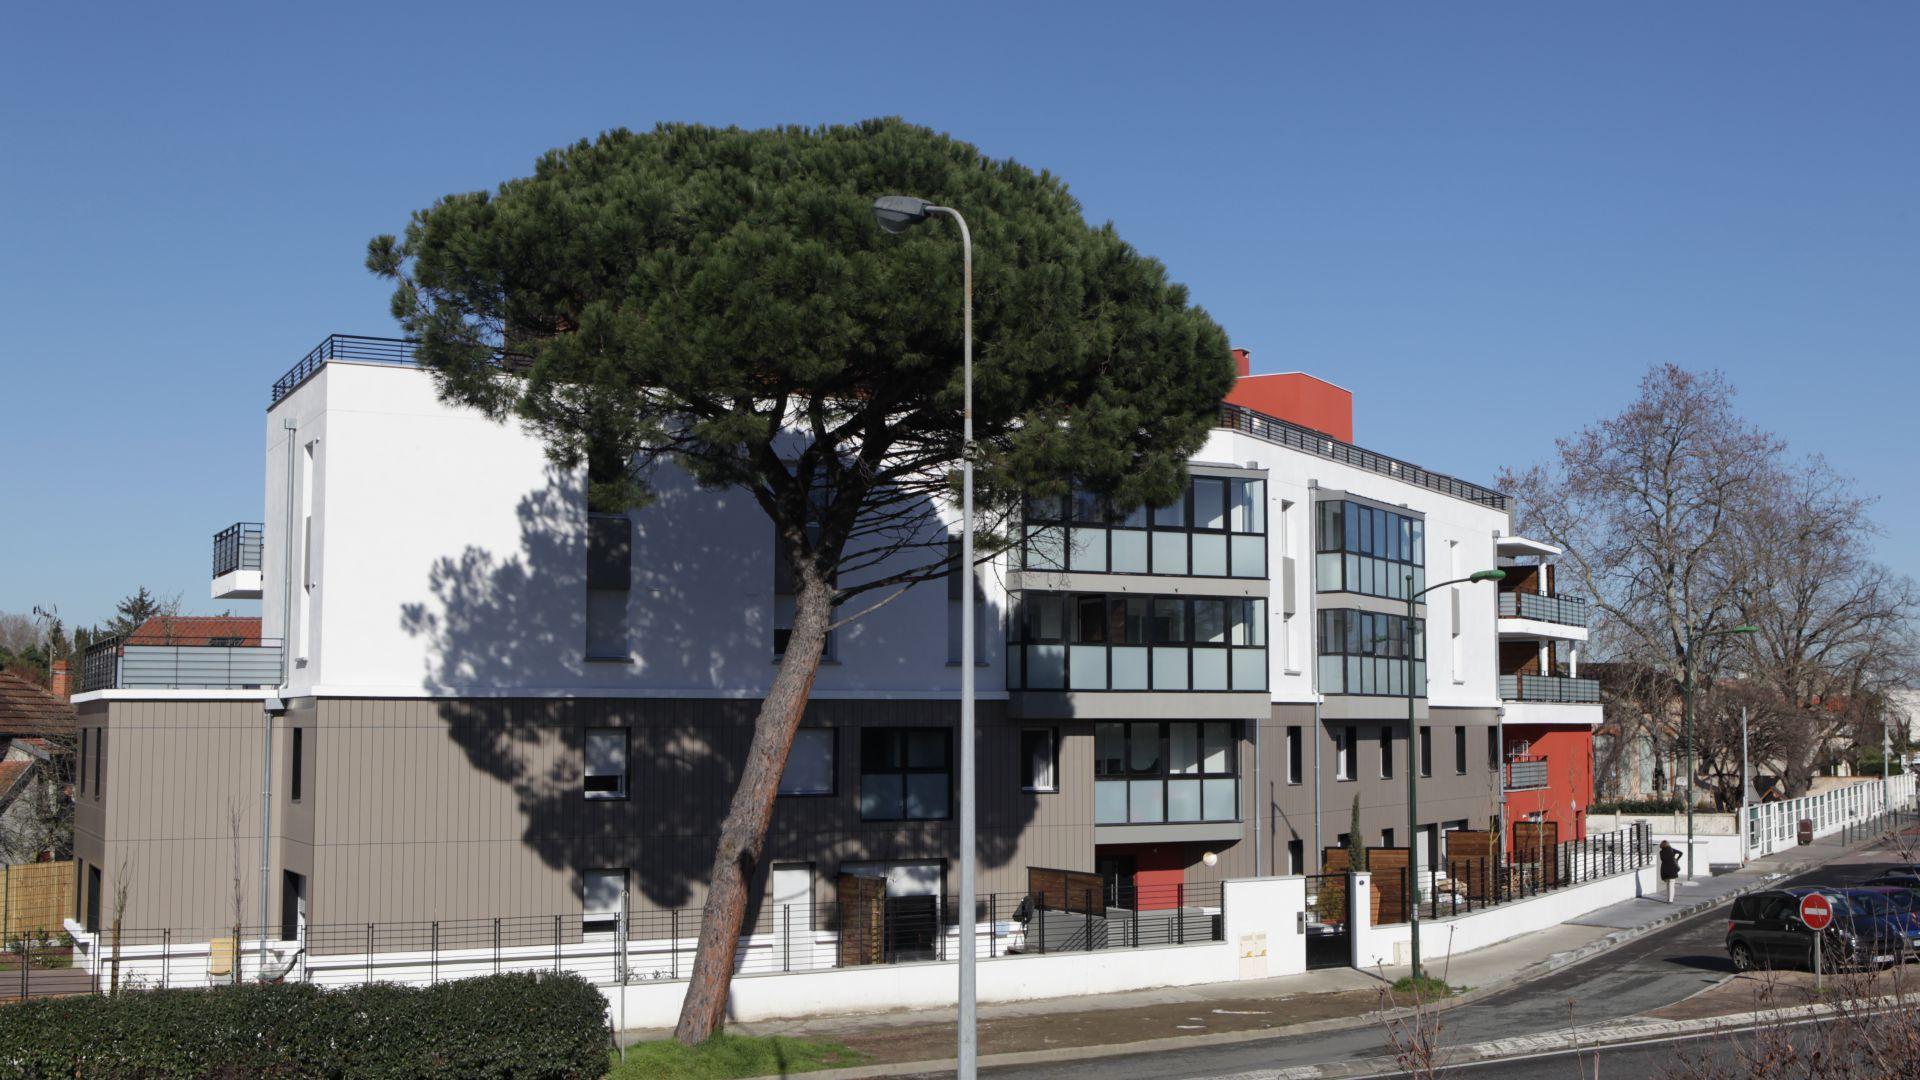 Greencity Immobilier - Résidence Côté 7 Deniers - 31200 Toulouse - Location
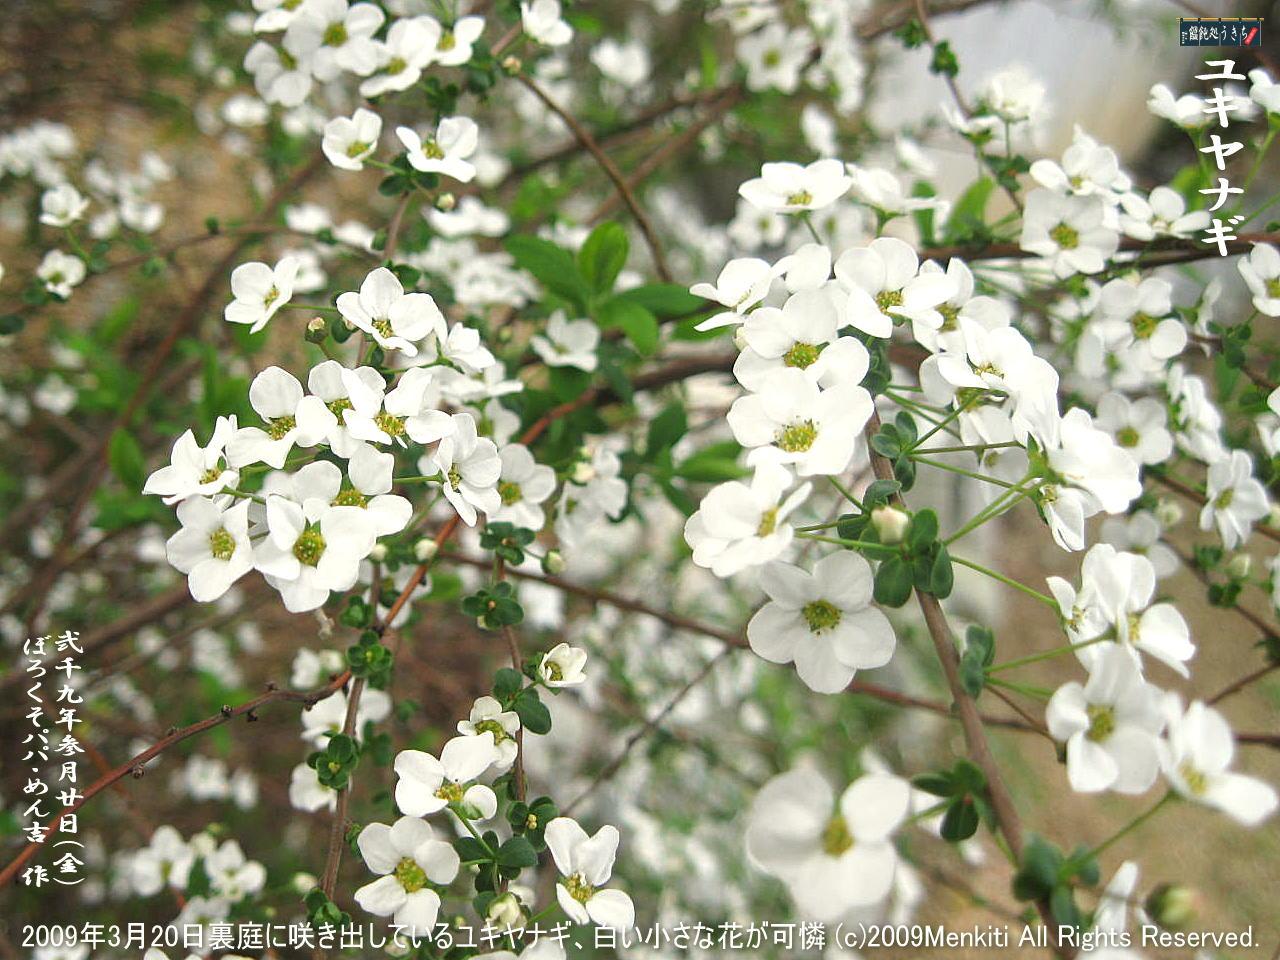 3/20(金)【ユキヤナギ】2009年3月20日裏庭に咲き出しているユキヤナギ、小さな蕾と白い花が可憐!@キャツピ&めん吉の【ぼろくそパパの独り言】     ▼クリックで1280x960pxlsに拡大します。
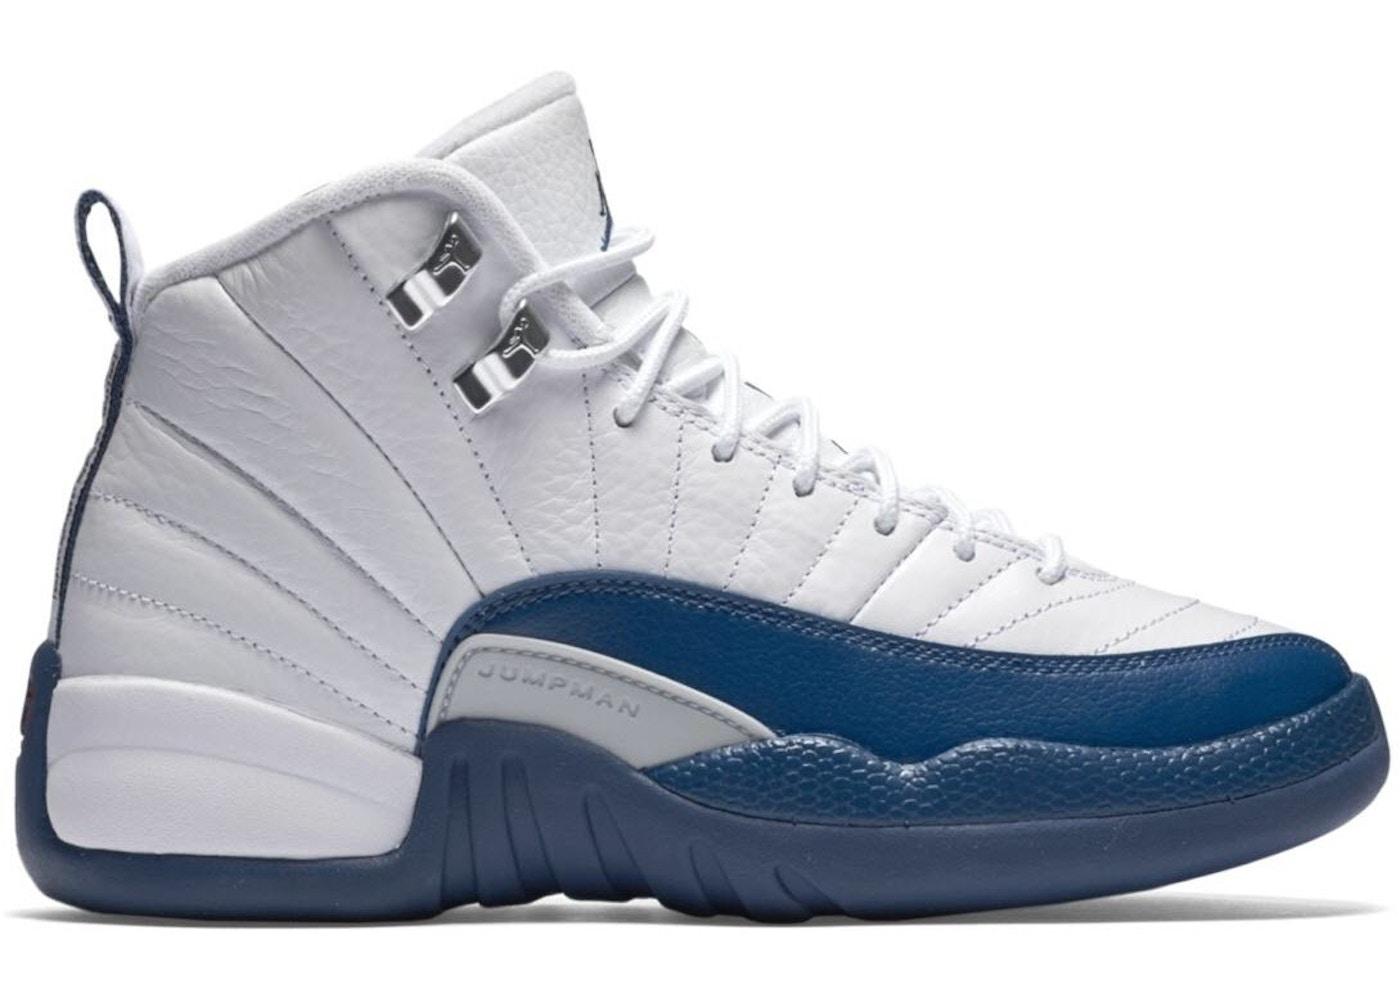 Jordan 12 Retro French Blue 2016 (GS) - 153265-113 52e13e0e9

*WHAT IS BEING ASKED*:
Return every line of the listing exactly, leaving its pictures behind.

*TASK ANSWER*:
 Greencity Immobilier - Résidence Côté 7 Deniers - 31200 Toulouse - Location
 3/20(金)【ユキヤナギ】2009年3月20日裏庭に咲き出しているユキヤナギ、小さな蕾と白い花が可憐!@キャツピ&めん吉の【ぼろくそパパの独り言】     ▼クリックで1280x960pxlsに拡大します。
 Jordan 12 Retro French Blue 2016 (GS) - 153265-113 52e13e0e9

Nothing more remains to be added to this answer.